Fortunately, given that “superlice” aren’t always up against superparents, new treatments are starting to come out. Had we known better, we could have tried nonprescription LiceMD, a version of the most popular treatment in the U.K. (it kills lice Goldfinger-style by coating them in a silicone oil, which doesn’t “suffocate” them—remember, that doesn’t work—but instead prevents them from extruding bodily fluids), or Natroba, a new prescription insecticide derived from a bacteria found only on the ground of an abandoned rum distillery in the Caribbean.

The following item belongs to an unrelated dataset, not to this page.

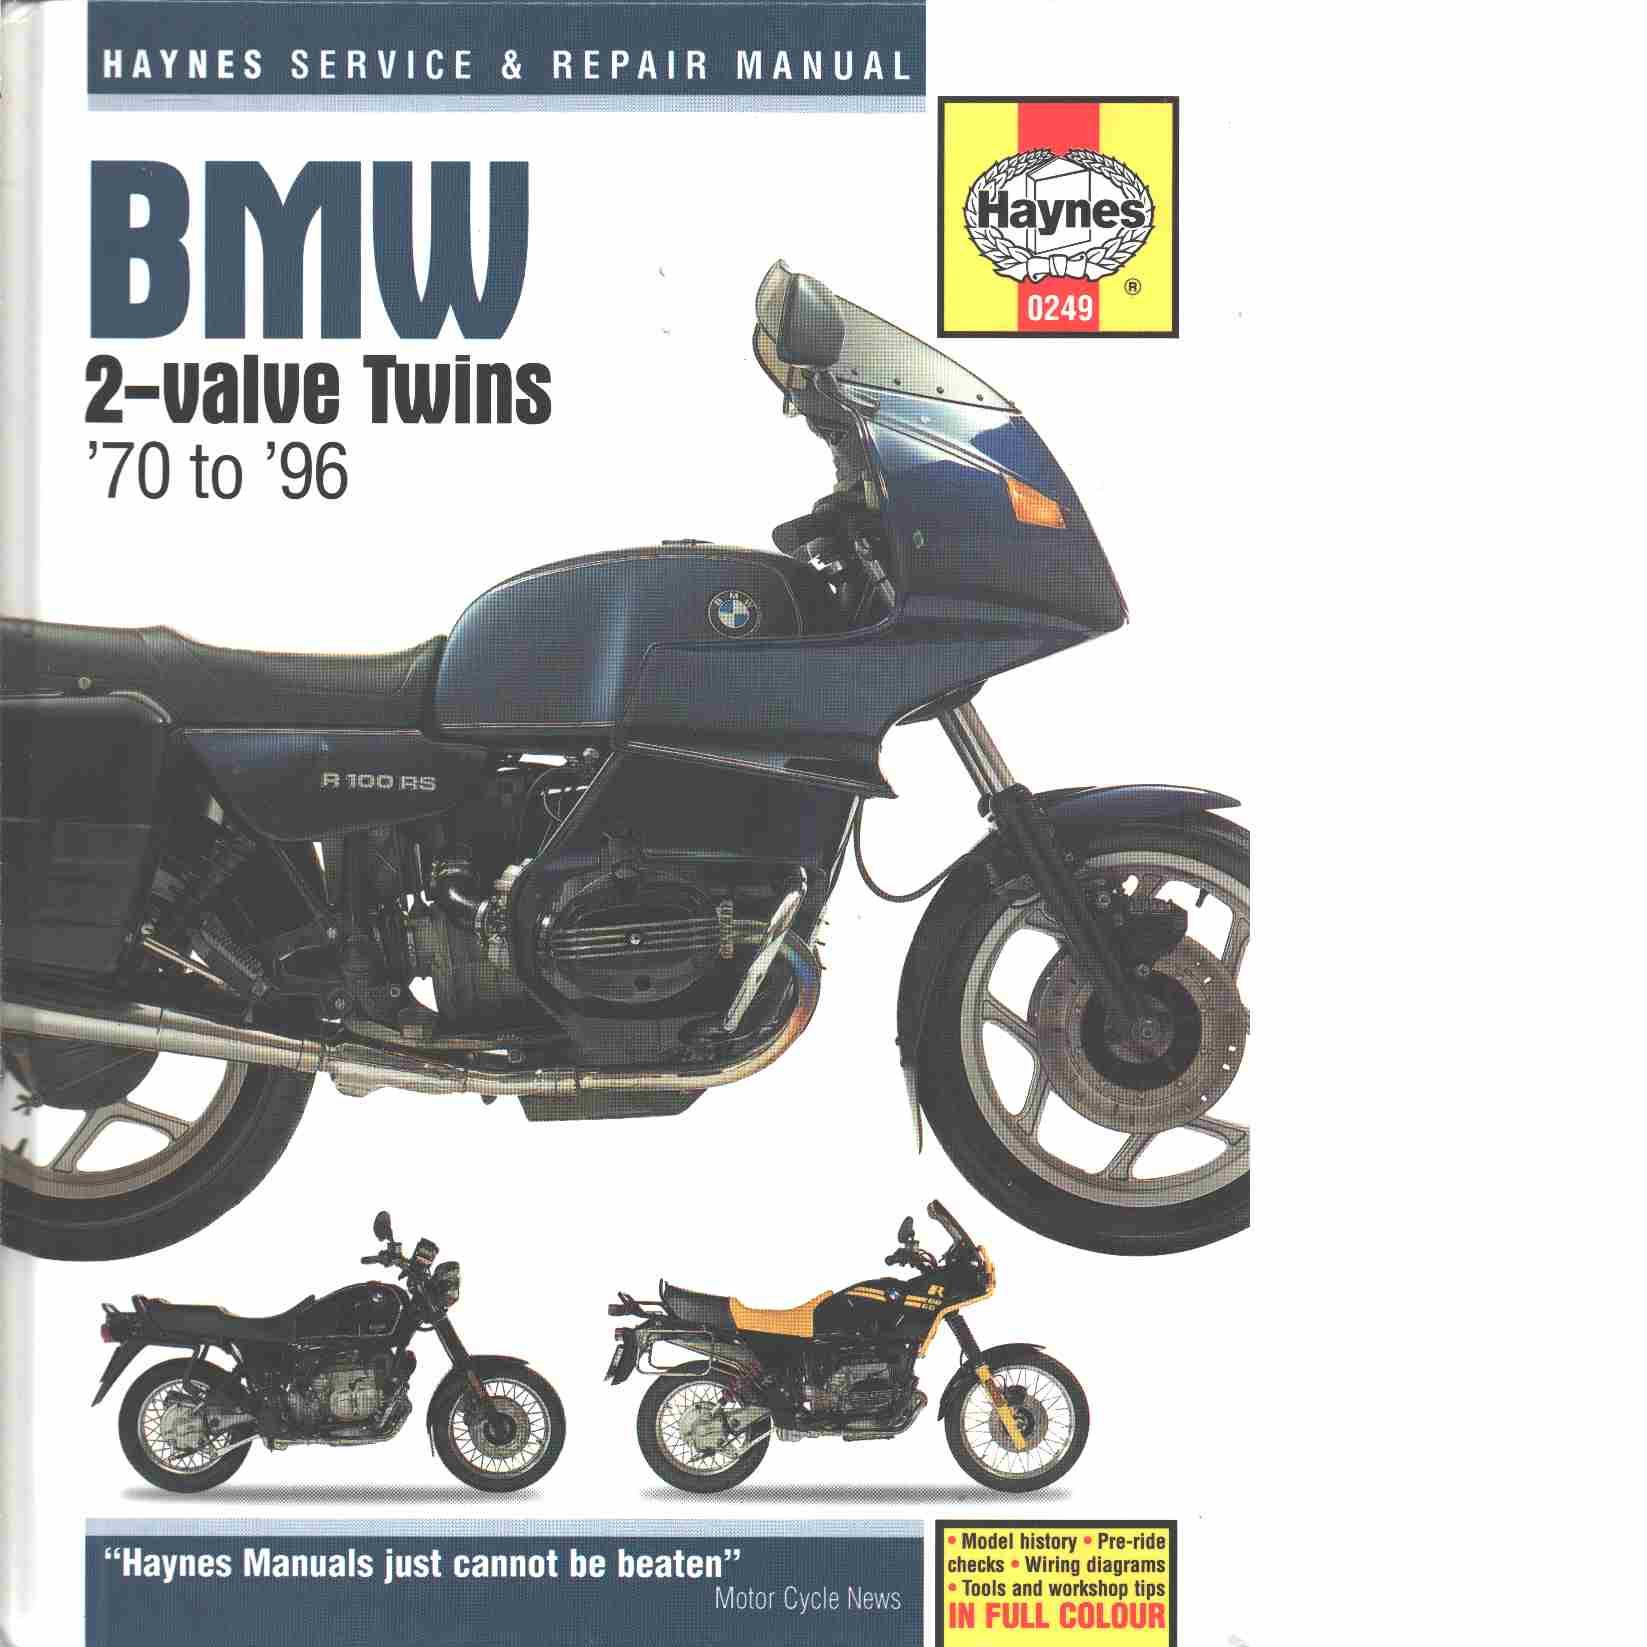 Bmw 2-valve Twins 1970-1996 - Churchill, Jerry

We didn’t know about these new options, so in the end it was more skilled combing and the Lindane that allowed us to bag our last louse. Lindane has four strikes against it: It’s a neurotoxin for people as well as lice, it’s illegal in California (outlawed on the grounds that it gets into the water supply), and, once again, many lice are resistant. It’s still unlikely a louse will be resistant to both malathion lotion and Lindane, though, which explains our success.

The fourth strike? “It’s awful stuff,” one expert told me. I started to agree, but she wasn’t done. “I just hate to see them suffer. Lindane takes forever to kill a louse, and it’s a terrible death.”

Fortunately, my sympathy for the louse with the disrupted nervous system is limited.